Leaving out the images, return the data below exactly as it is written.

■ **Data block**
• • • •

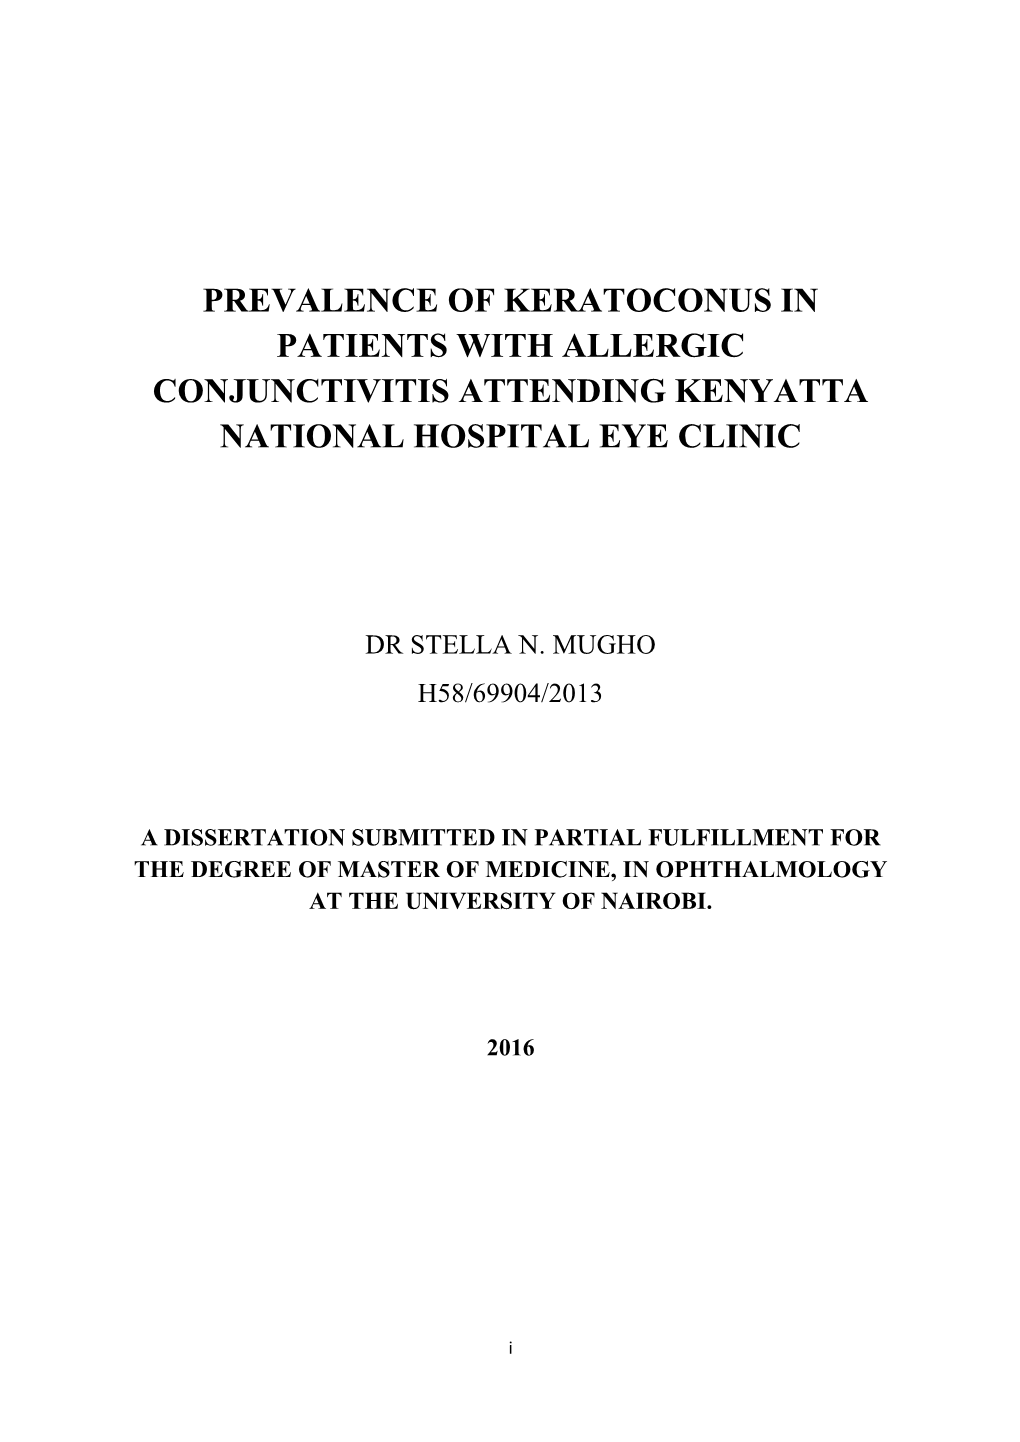 Prevalence of Keratoconus in Patients with Allergic Conjunctivitis Attending Kenyatta National Hospital Eye Clinic
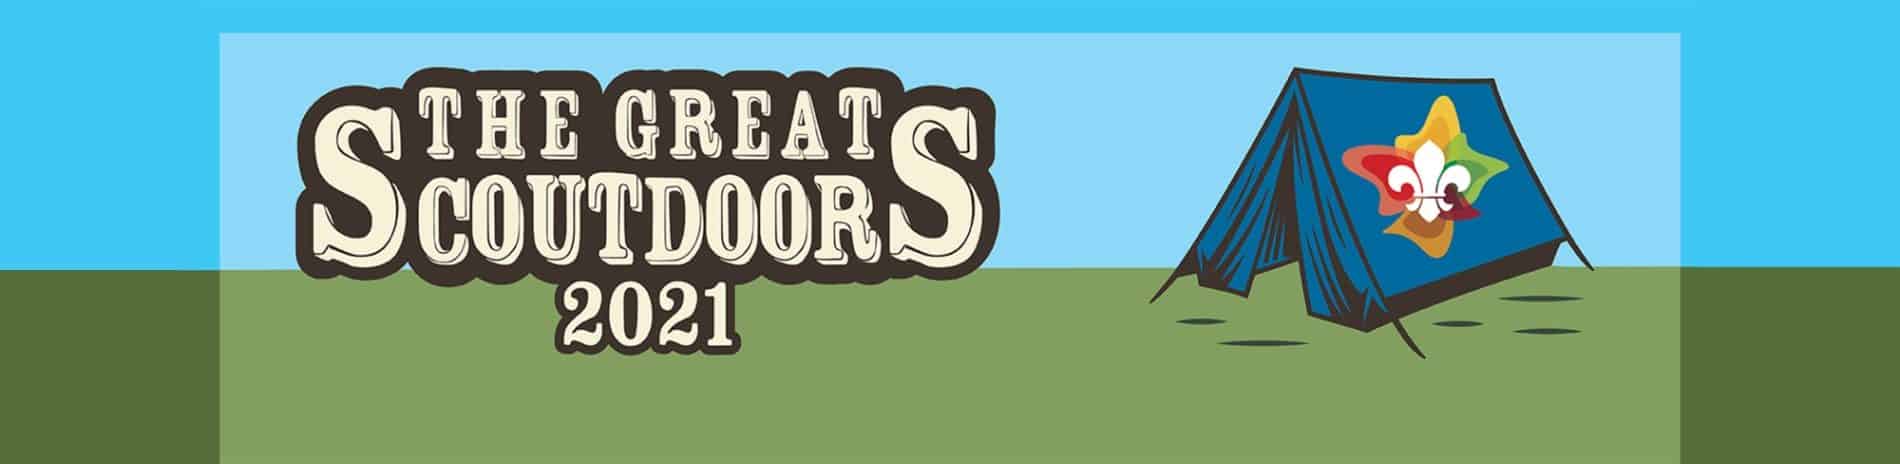 The Great Scoutdoors Banner
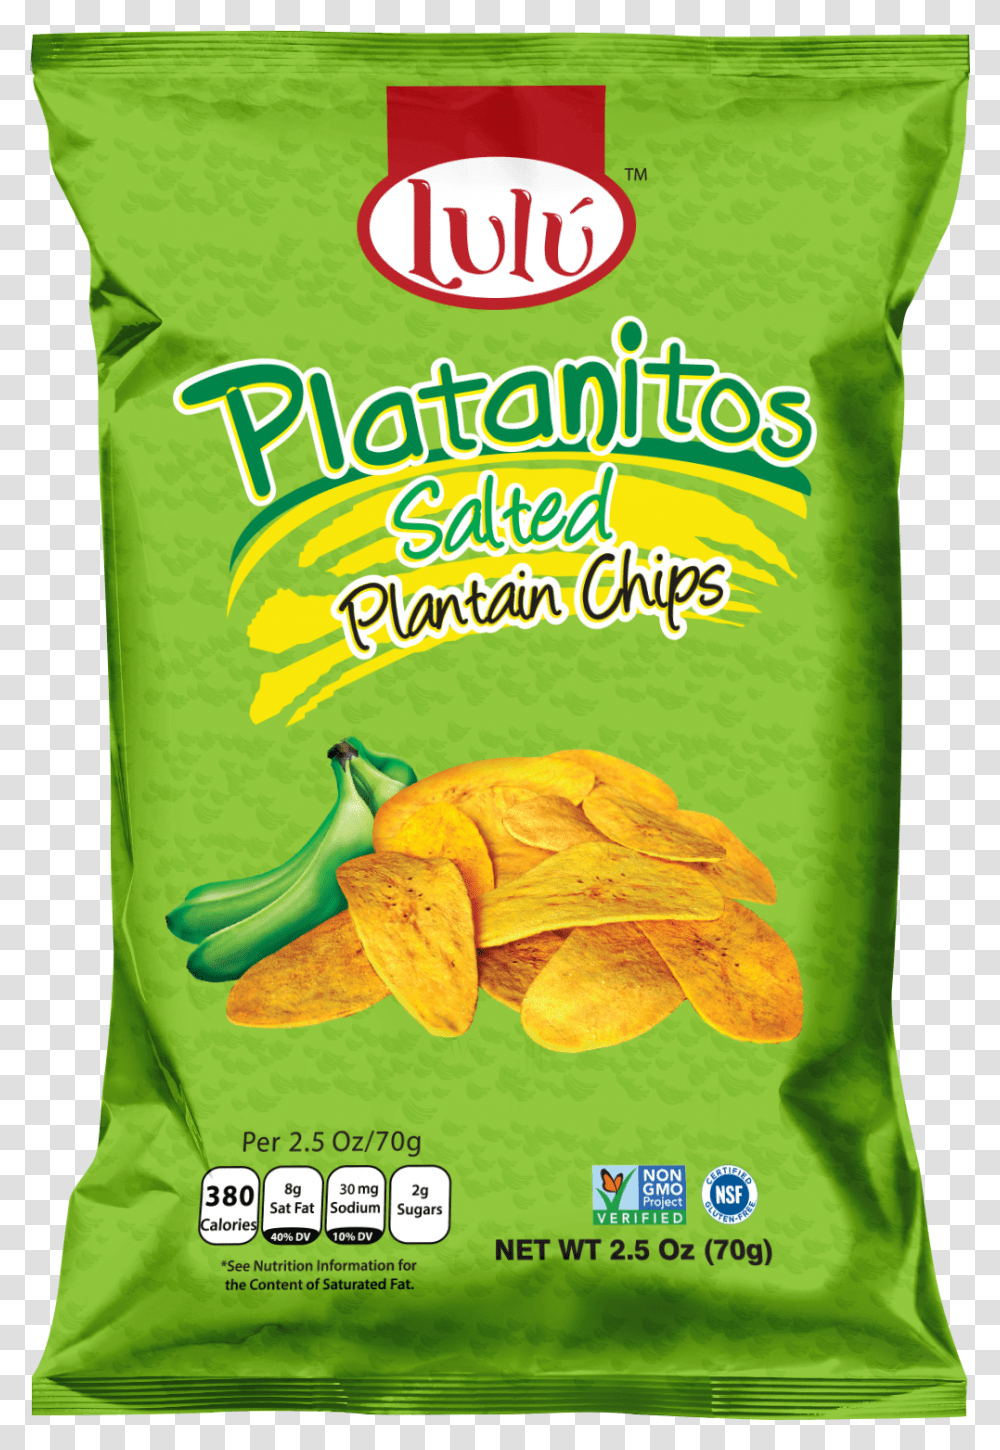 Plantainchips Lulu Plantain Chips Salted, Banana, Fruit, Food, Snack Transparent Png

• • • •

■ **Result**
 Prevalence of Keratoconus in Patients with Allergic Conjunctivitis Attending Kenyatta National Hospital Eye Clinic
 The Great Scoutdoors Banner
 Plantainchips Lulu Plantain Chips Salted, Banana, Fruit, Food, Snack Transparent Png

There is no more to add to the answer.